What the exercise asks
Write out the entire listing below exactly as it appears, minus any pictures.

Data shown

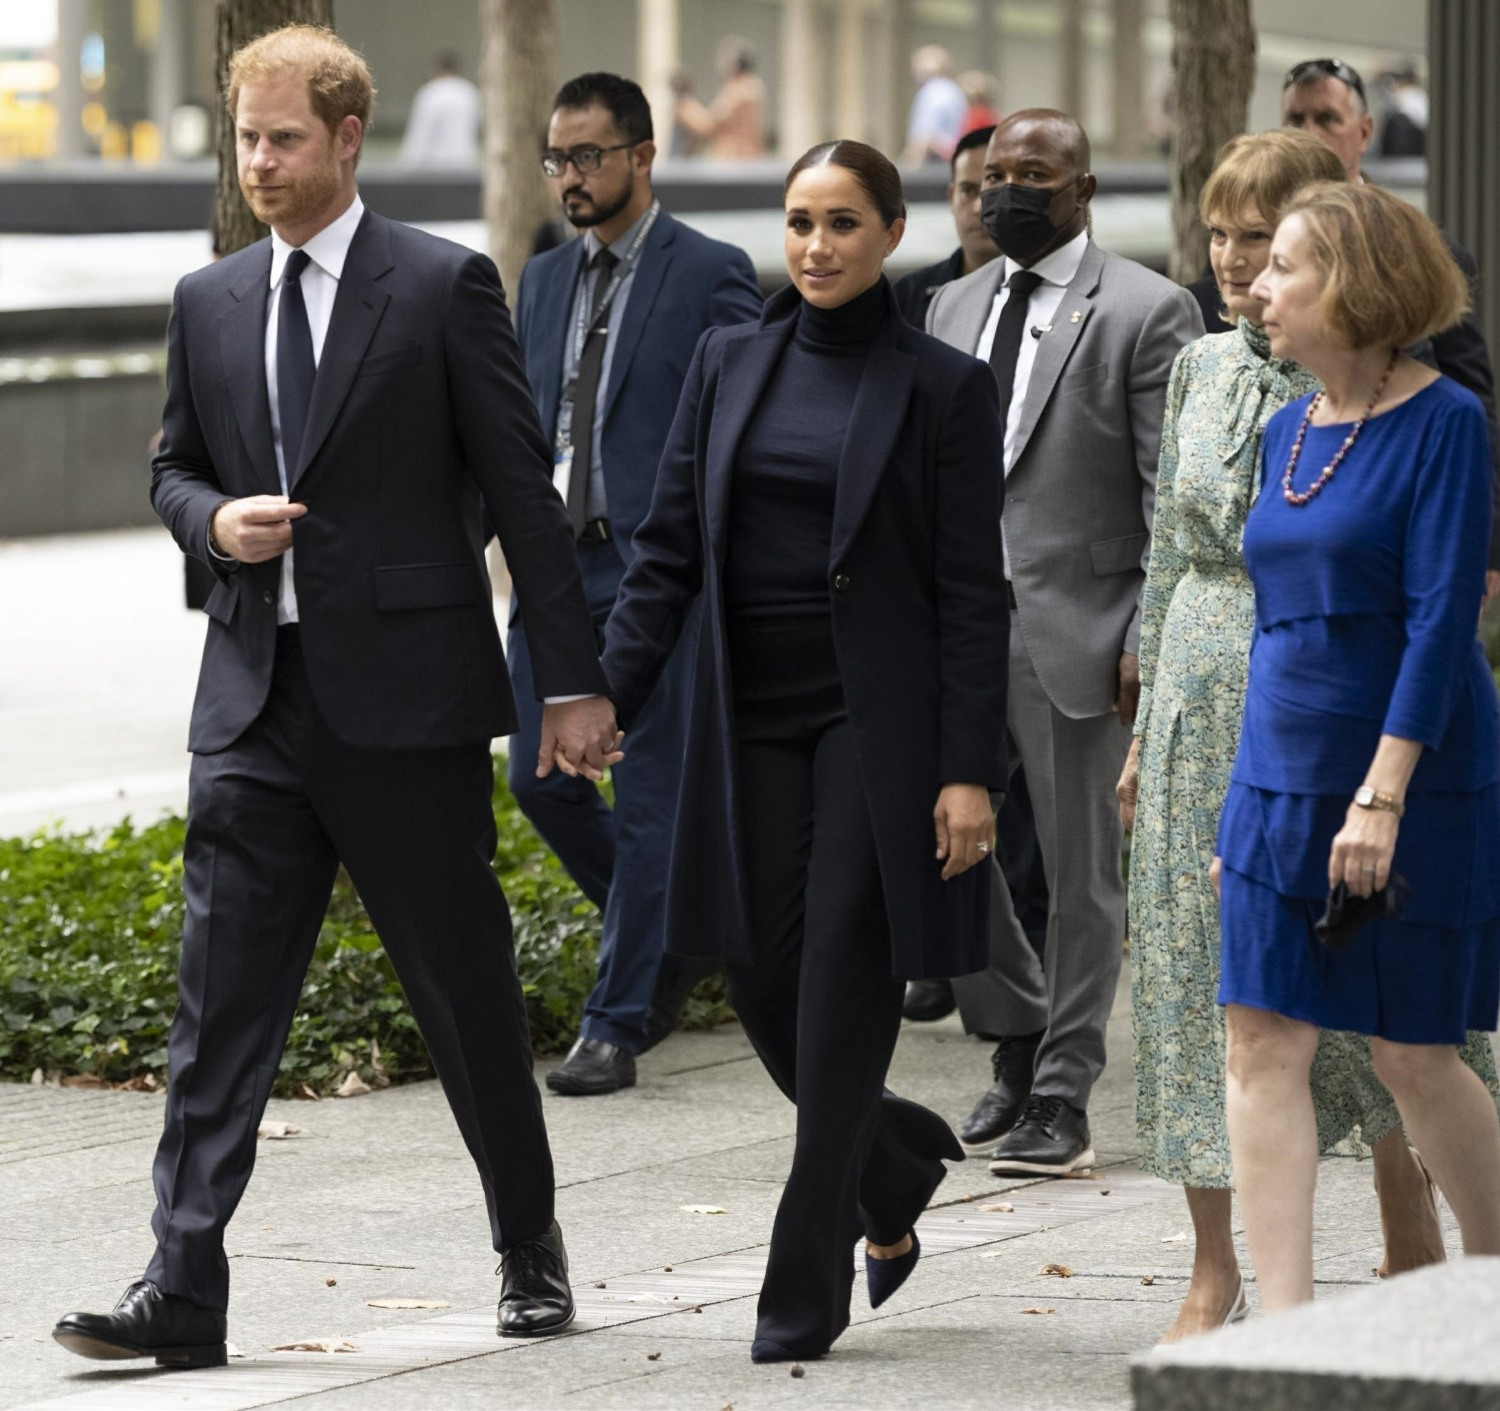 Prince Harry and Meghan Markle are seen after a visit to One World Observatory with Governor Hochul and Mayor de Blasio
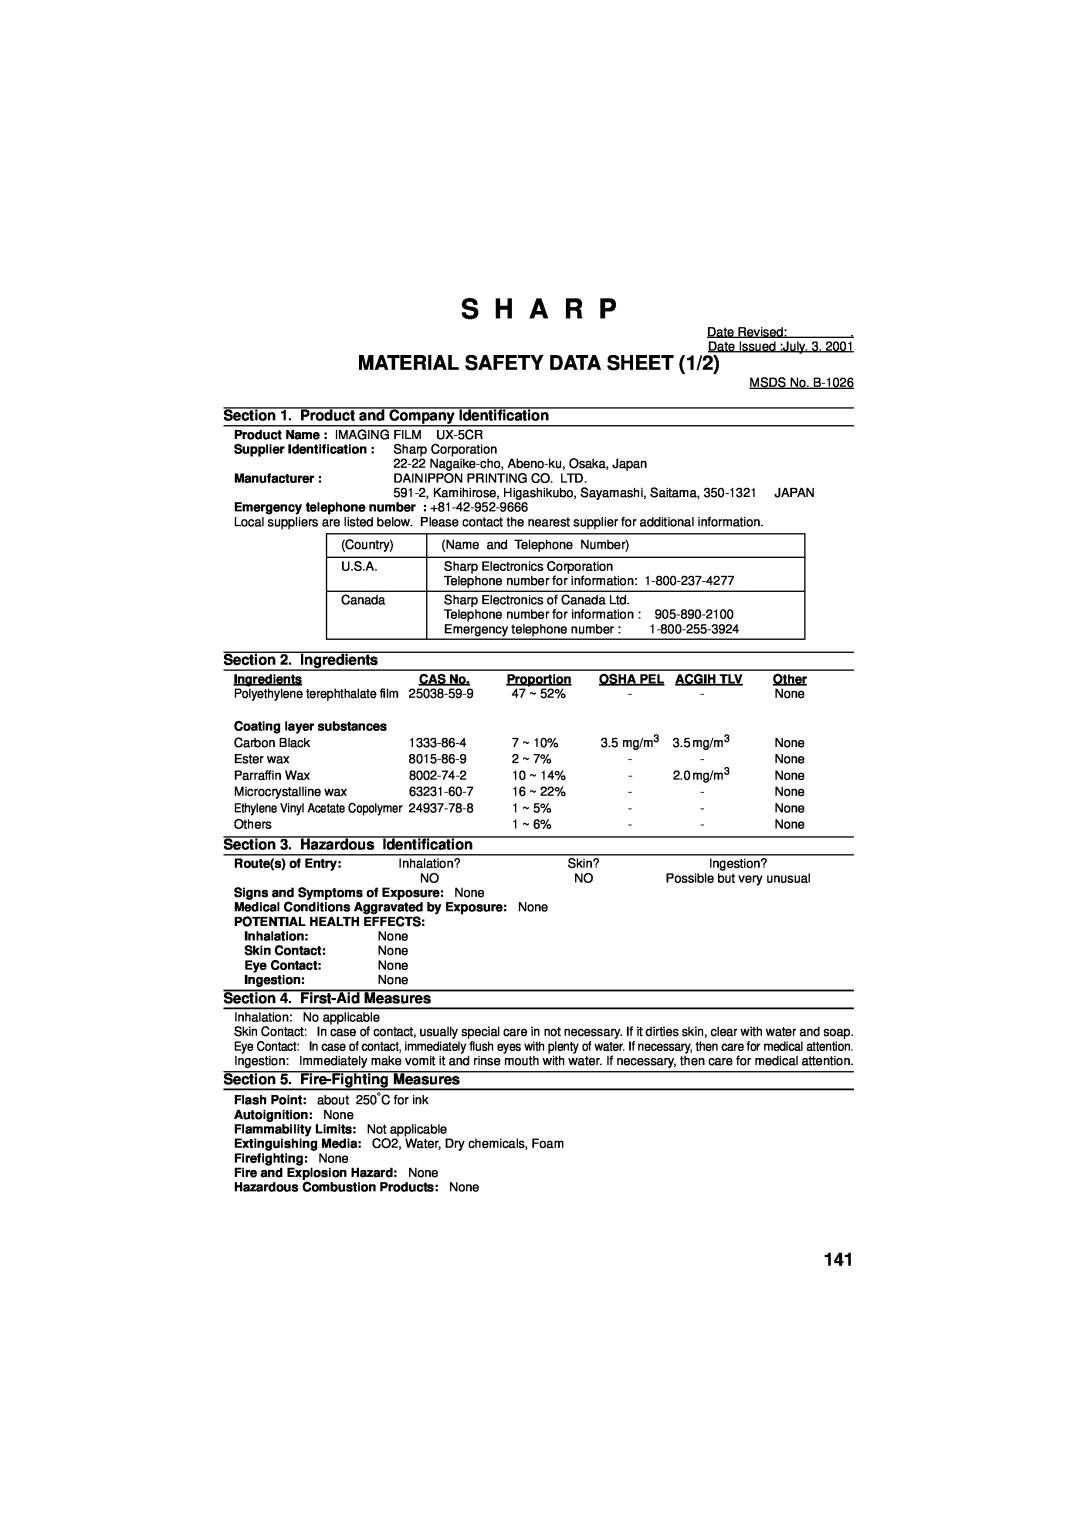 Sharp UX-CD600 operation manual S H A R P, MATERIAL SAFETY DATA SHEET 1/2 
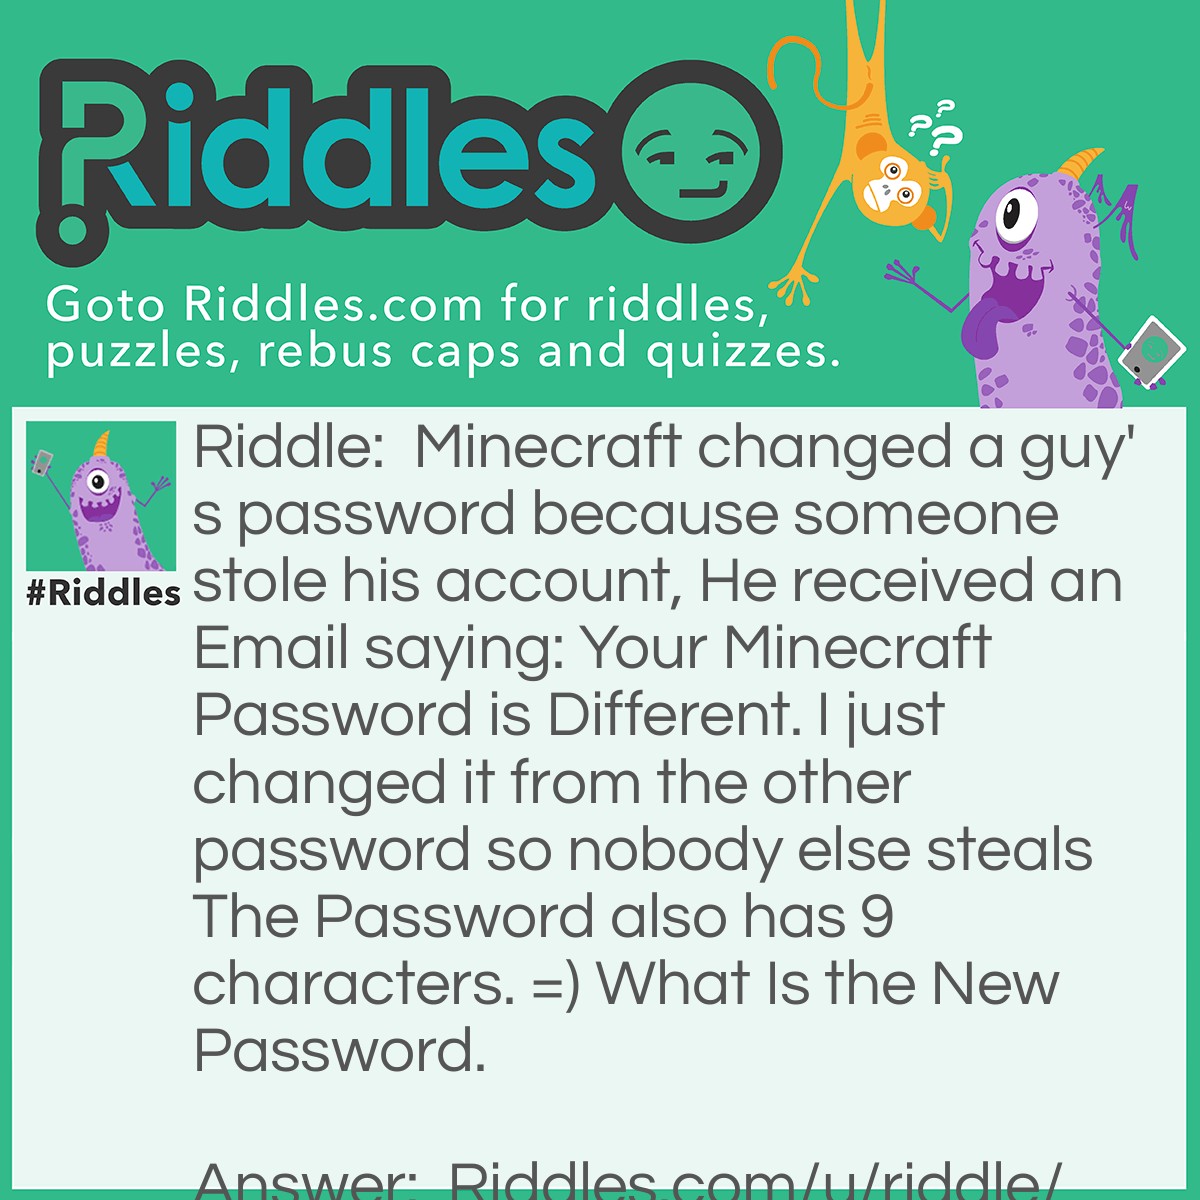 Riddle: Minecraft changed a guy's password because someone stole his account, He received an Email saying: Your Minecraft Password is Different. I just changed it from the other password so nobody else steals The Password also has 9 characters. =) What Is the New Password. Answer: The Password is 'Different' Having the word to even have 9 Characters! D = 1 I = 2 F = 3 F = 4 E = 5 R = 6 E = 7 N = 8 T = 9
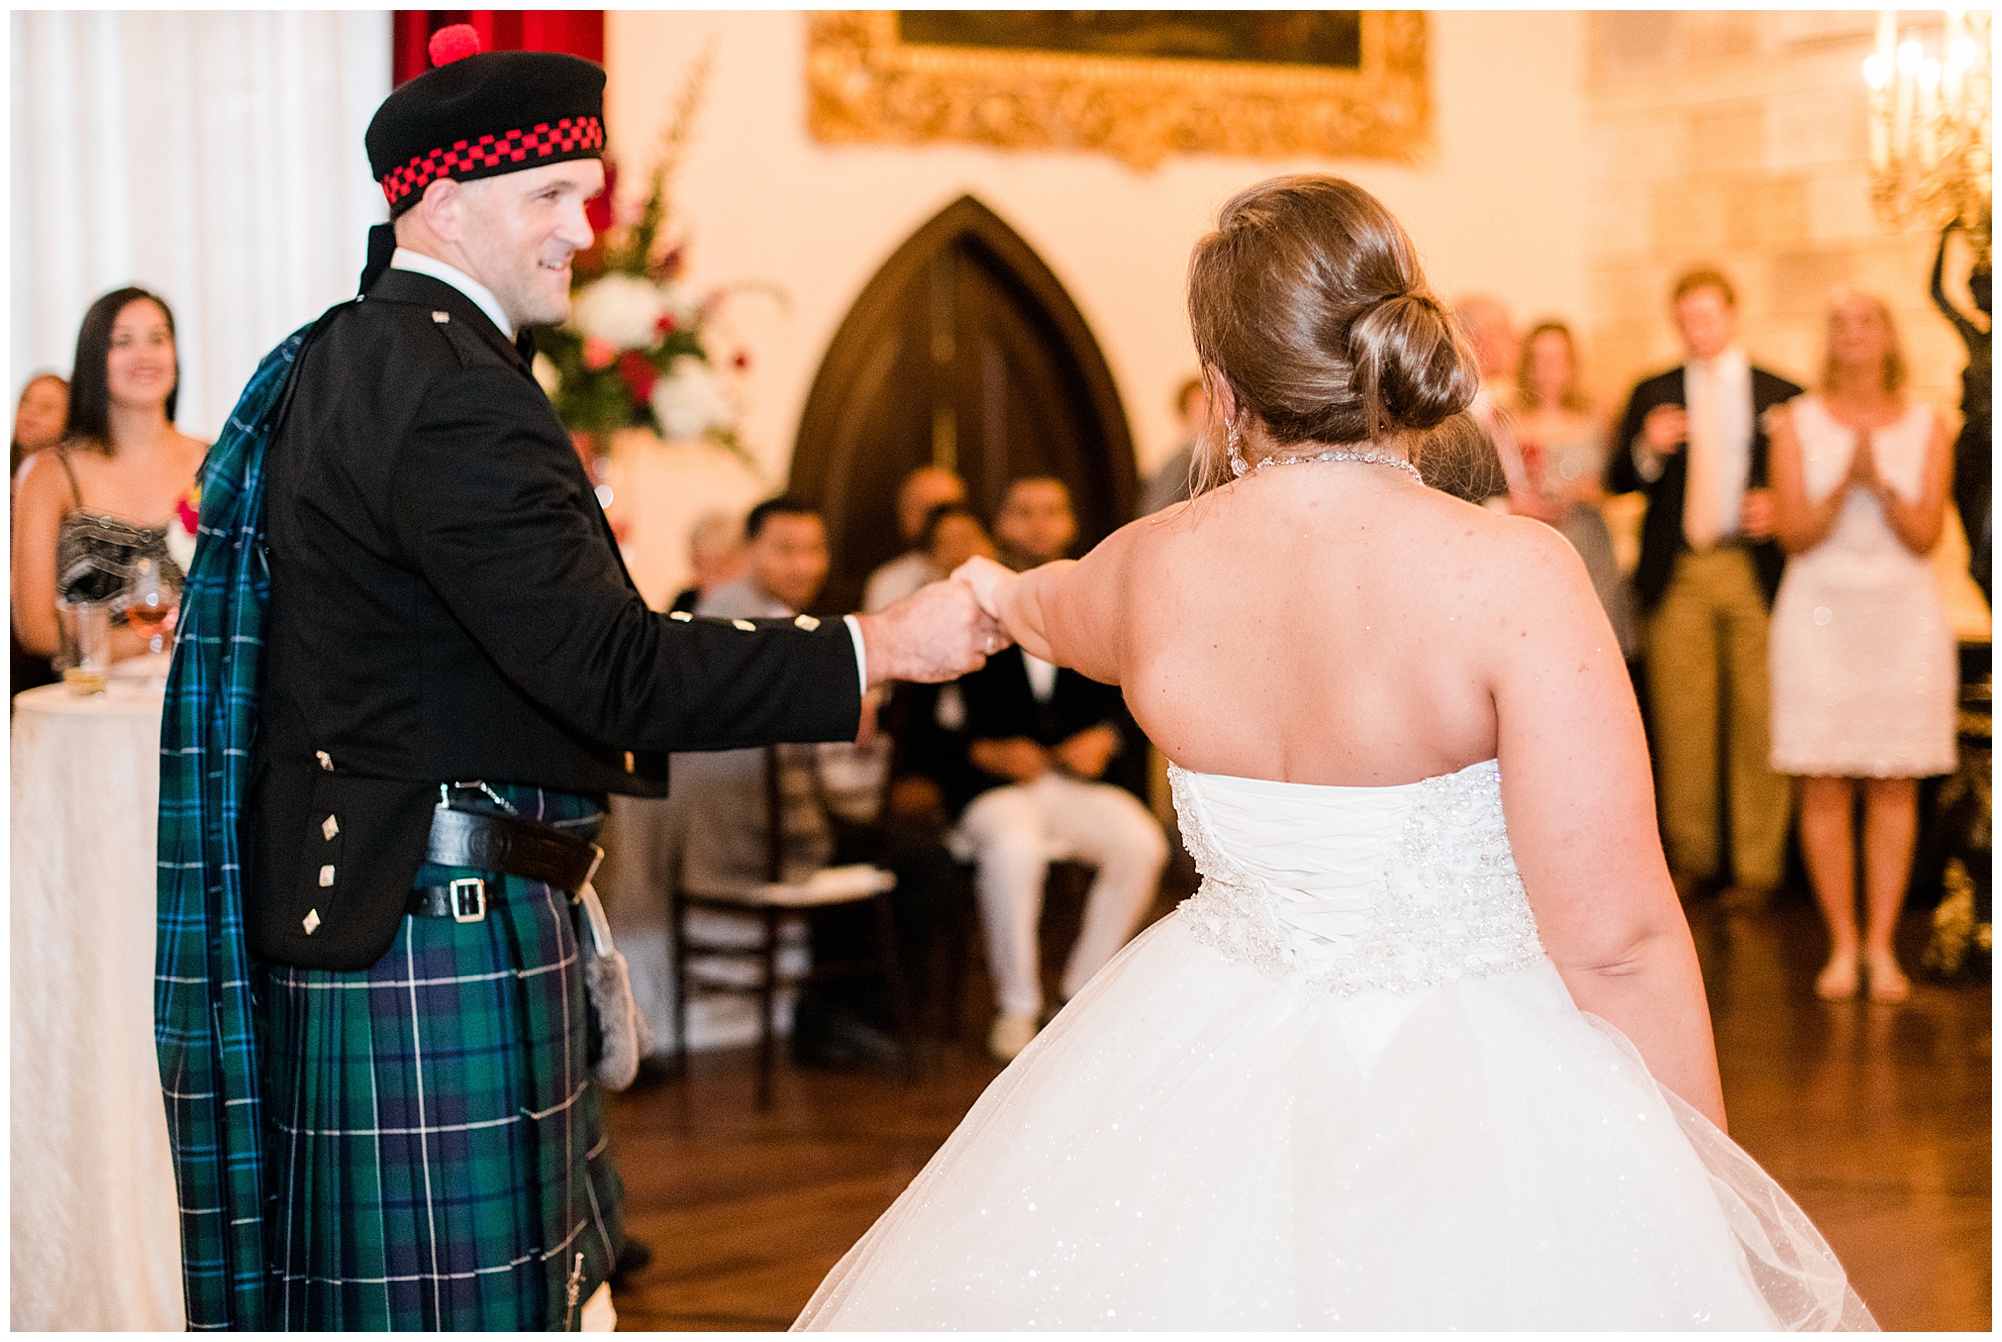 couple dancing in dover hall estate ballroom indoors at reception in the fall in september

Result below
 Prince Harry and Meghan Markle are seen after a visit to One World Observatory with Governor Hochul and Mayor de Blasio
 Sharp UX-CD600 operation manual S H A R P, MATERIAL SAFETY DATA SHEET 1/2 
 Riddle: Minecraft changed a guy's password because someone stole his account, He received an Email saying: Your Minecraft Password is Different. I just changed it from the other password so nobody else steals The Password also has 9 characters. =) What Is the New Password. Answer: The Password is 'Different' Having the word to even have 9 Characters! D = 1 I = 2 F = 3 F = 4 E = 5 R = 6 E = 7 N = 8 T = 9
 couple dancing in dover hall estate ballroom indoors at reception in the fall in september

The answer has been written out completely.